If you’re still considering pension liberation, for example because you’ve been diagnosed with a serious illness, make sure you seek independent financial advice first. Check out the Government website Pension Wise for more information, or look at the Money Advice Service for more help.
It’s also worth seeking the help of an independent financial adviser – this may cost you a small fee, but in the grand scheme of your pension pot it’s worth it!
How to spot an early pension release scam
Pension release is also called pension unlocking or pension liberation. If you’re approached by ANYONE offering this service without your consent, don’t accept their advice.
Signs of a scam include:
- Promises of guaranteed early pension release before the age of 55
- Requests to transfer your pension fund to another account (often overseas)
- Being approached by a company you’ve not asked to contact you
- Lack of clarity over fees and costs
- No information about changing your mind (you legally have 30 days from instructing your pension provider to transfer funds to change your mind)
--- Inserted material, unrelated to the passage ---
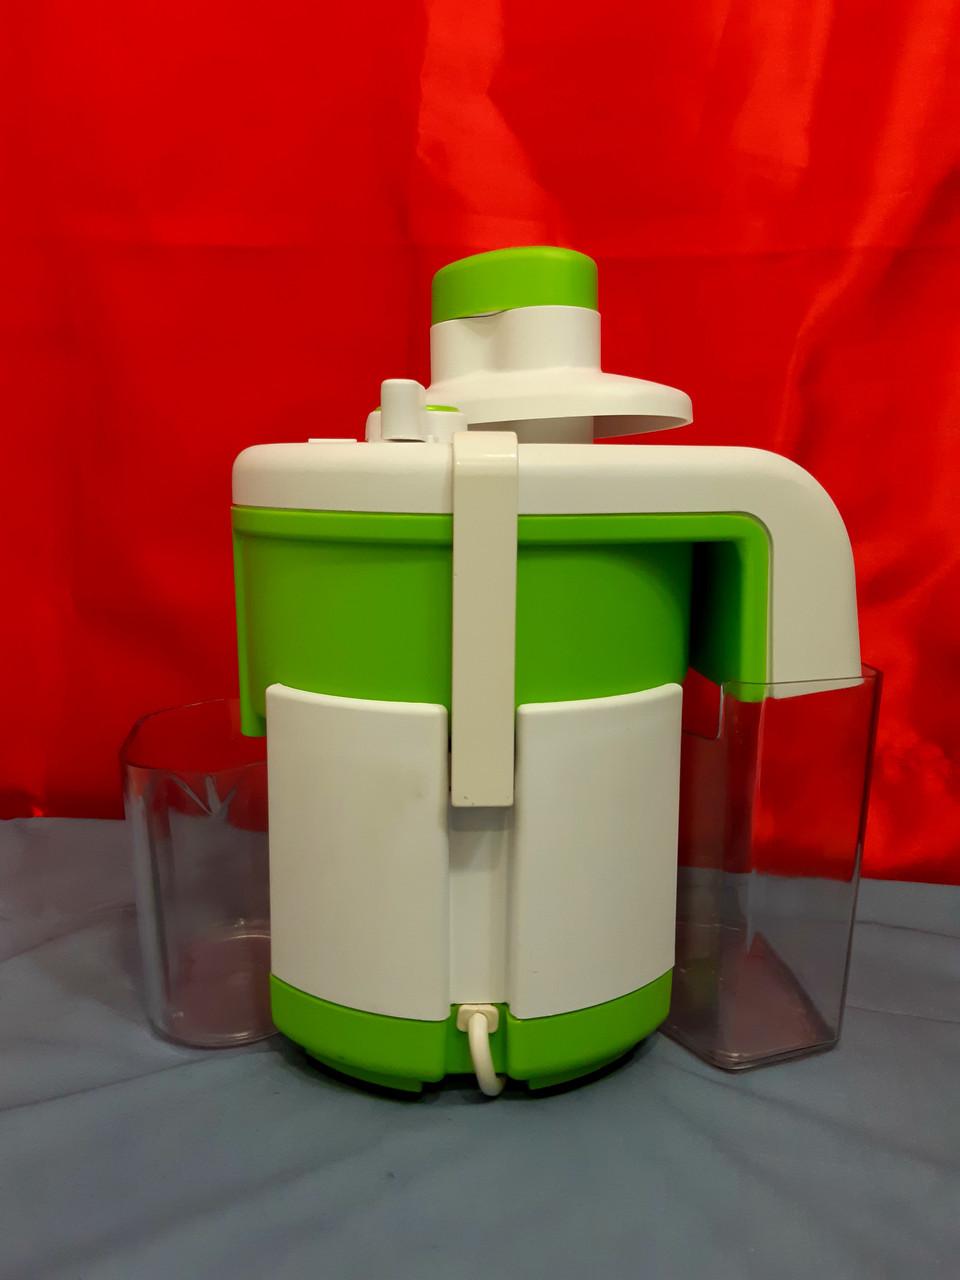 """Електрична соковижималка для яблук, томатів, ягід і т. д. """"Журавинка""""."""

- They use the phrase ‘legal loophole’ (they don’t exist)
- Offers of a ‘loan’ of your pension sum
- No mention of the taxes involved
If you think you’ve been contacted by a pension release scammer, look up the company with the Financial Conduct Authority. If they’re not registered, report it to Action Fraud and find an independent financial adviser to provide holistic advice on your finances and retirement plans.